In an attempt to prove the presumption may be part of reality, researchers use powerful gene-sequencing machines in order to find which genetic changes trigger which form of cancer. Their aim is to provide distinguished treatment to people suffering from the disease, based on their distinct tumor profiles, because "if you have 100 patients, you have 100 different diseases," said Dr. Bert Vogelstein of Johns Hopkins University in Baltimore and the Howard Hughes Medical Institute.

The new maps don’t involve only mutated genes. What they do is citing the missing ones, additional ones, as well as overactive or underactive ones, The Associated Press reported.

However, it’s a long way to go until the goal set by scientists will be achieved. There is still plenty of work to do, and impediments continue appearing. For instance, while experts were looking forward to detect some particular important genes that were commonly mutated, they spotted quite a lot of genes mutated in a smaller part of the tumors.

As reported this week in three studies, published in the journals Science and Nature, experts claimed to have found a presumptive way to treat a deadly form of brain cancer and to have enabled the access to finding the tumor before extending, when a surgery can still be the performed.

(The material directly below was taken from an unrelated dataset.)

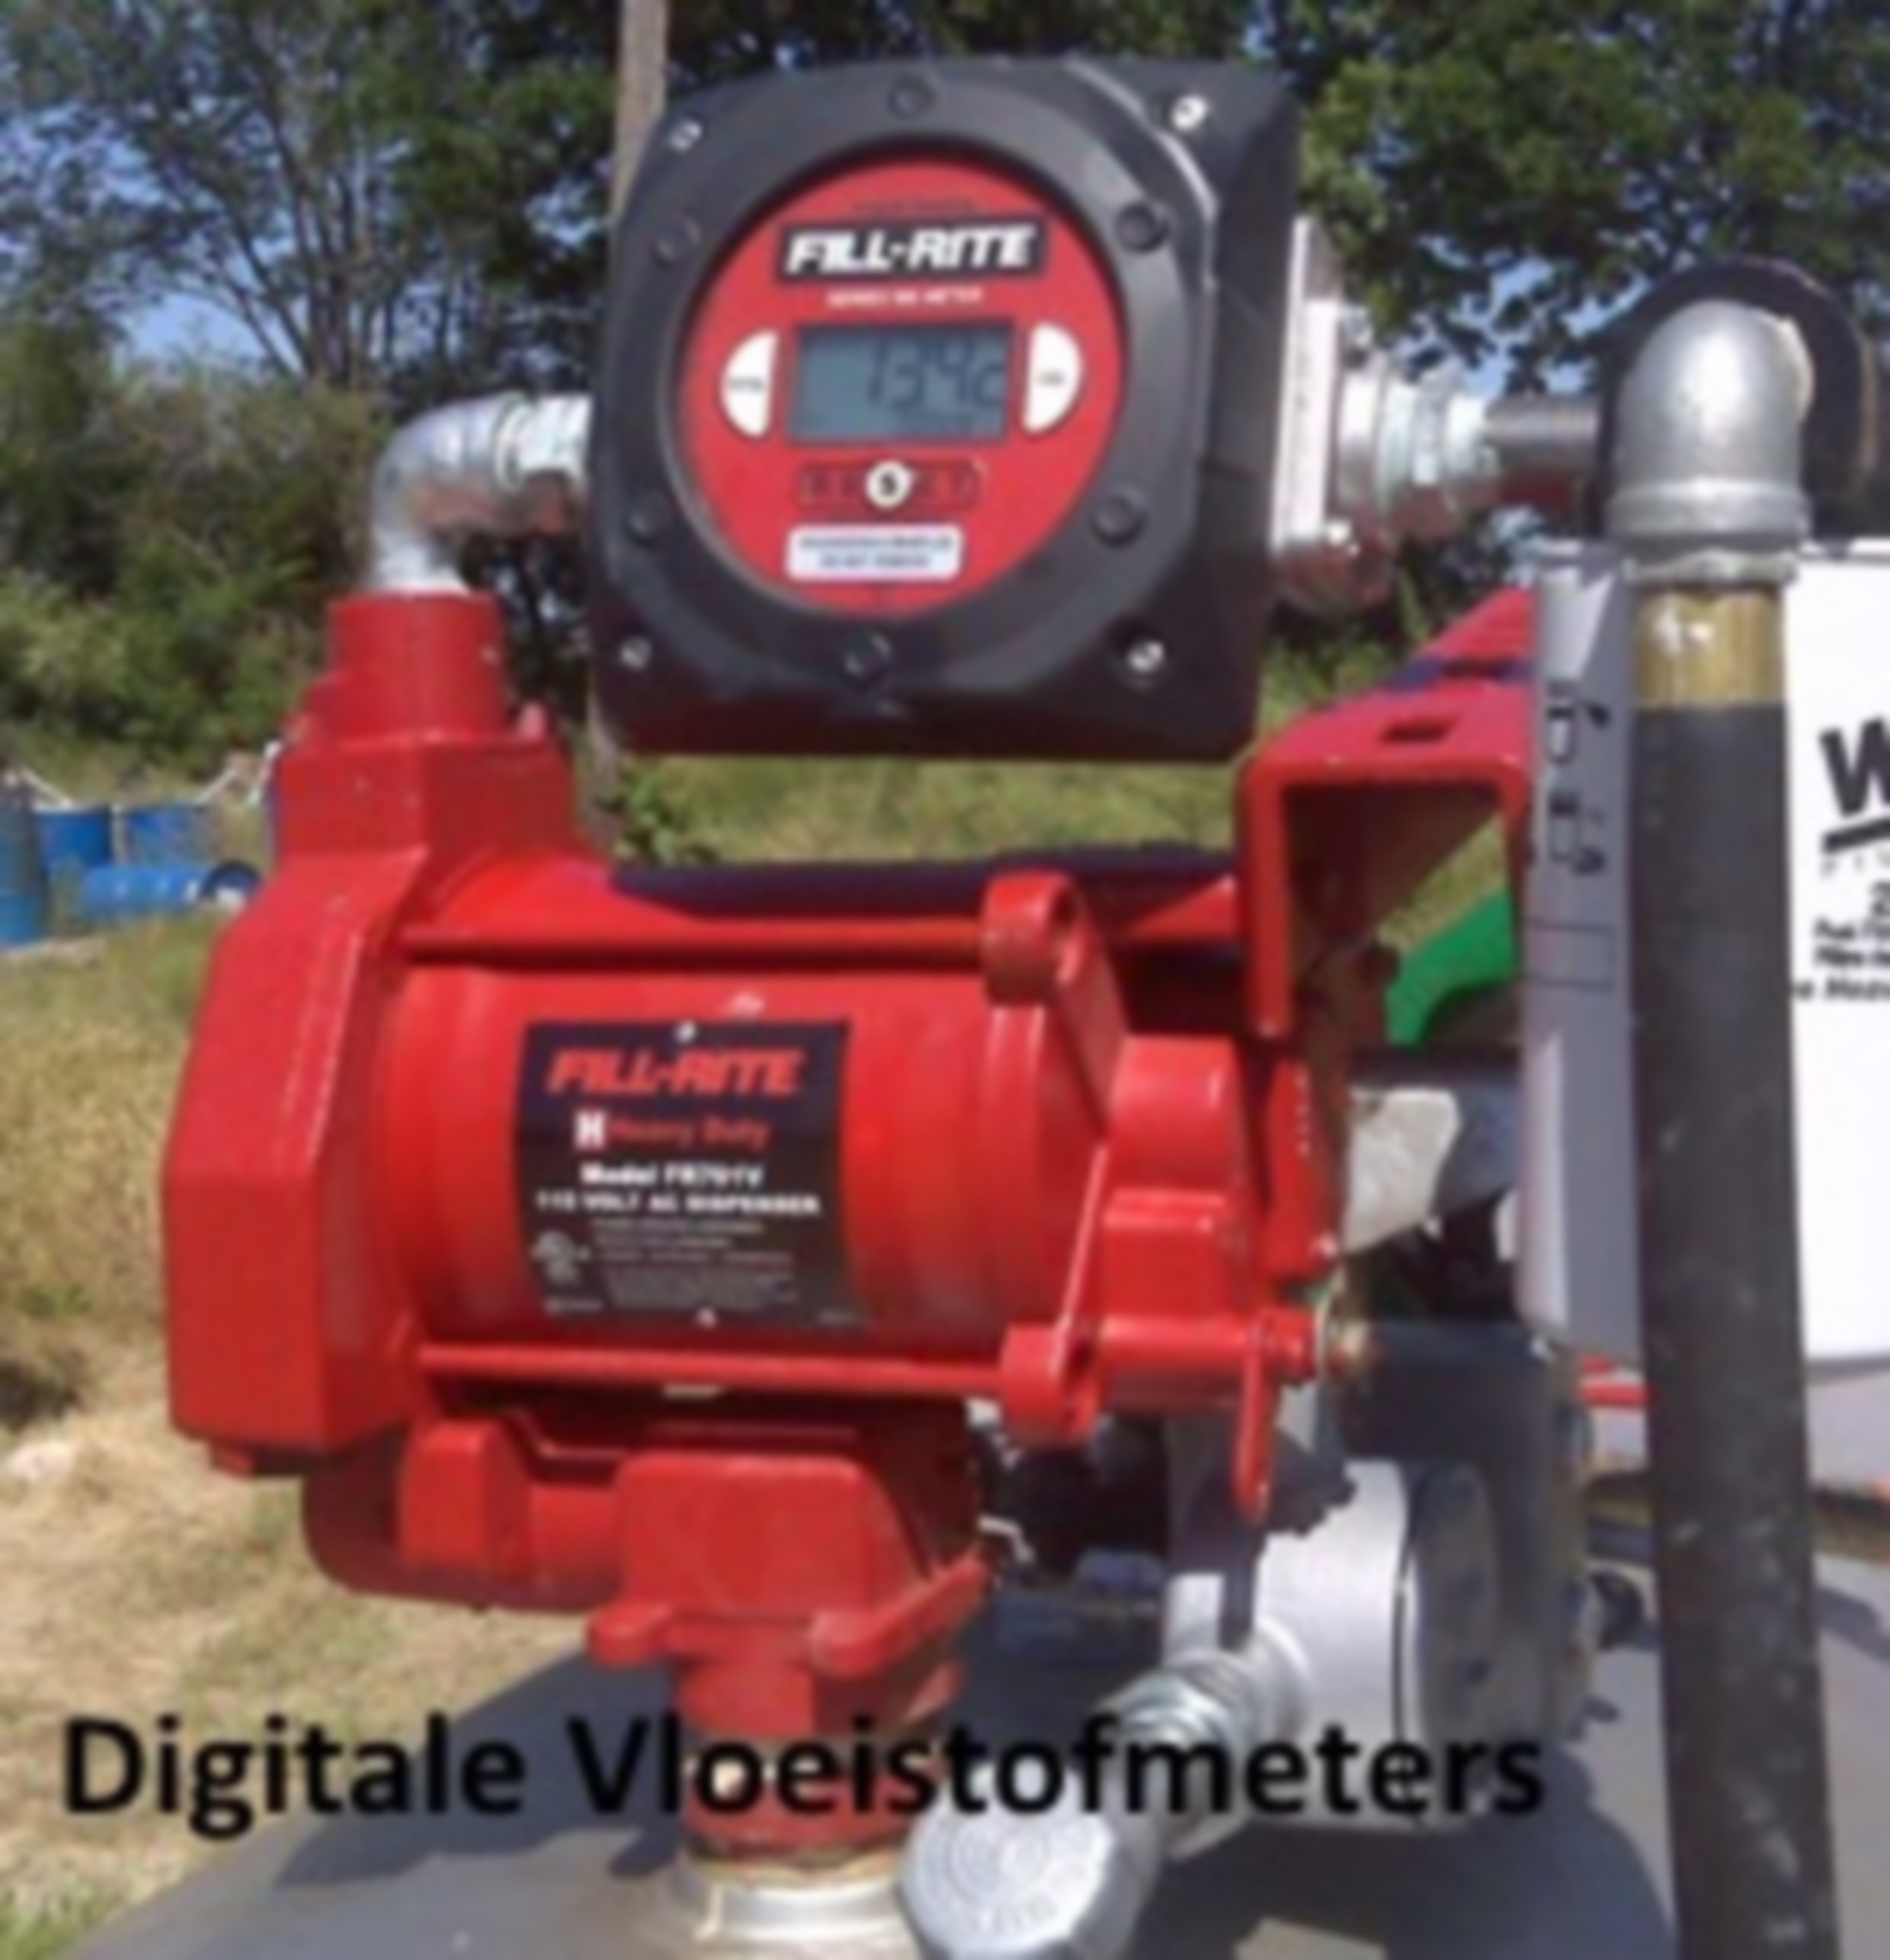 Fill-Rite Digitale meters

"Cancer is very complex, more complex than we had believed. It is not going to be easy to develop therapies," Dr. Vogelstein stated.

Researchers at the Johns Hopkins University looked at over 20,000 genes in tumors taken from 24 patients diagnosed with pancreatic cancer and 22 patients diagnosed with glioblastoma multiforme, the most common and most aggressive type of primary brain tumor. In another study, about 600 genes in 206 glioblastoma patients were examined.

The teams form America's first research university detected hundreds of genetic alterations, gene IDH1 counting among them. In line with The Associated Press, 12% of patients who had glioblastoma, especially juvenile ones, harbored a mutated version that lead to a longer survival – an average of 3.8 years, in contrast with 1.1 years for patients who didn’t have the mutation.

Extra studies will be conducted. If they are to demonstrate what researchers suggest, physicians may soon be allowed to use an IDH1 test to assist establishing prognosis, stated Dr. Victor Velculescu of Johns Hopkins Kimmel Cancer Center and a co-author of two papers in the journal Science.

Furthermore, researchers also found that all the tumors were different. The classic pancreatic cancer had 63 genetic changes and the regular brain tumor 60.

The breakthrough is “the next wave," according to Dr. Phillip Febbo of Duke University's Institute for Genome Sciences and Policy, who was unconnected with the research. The most important aspect “is that finding those common elements within the landscape suggests there are therapeutic interventions that can help the whole group," he said.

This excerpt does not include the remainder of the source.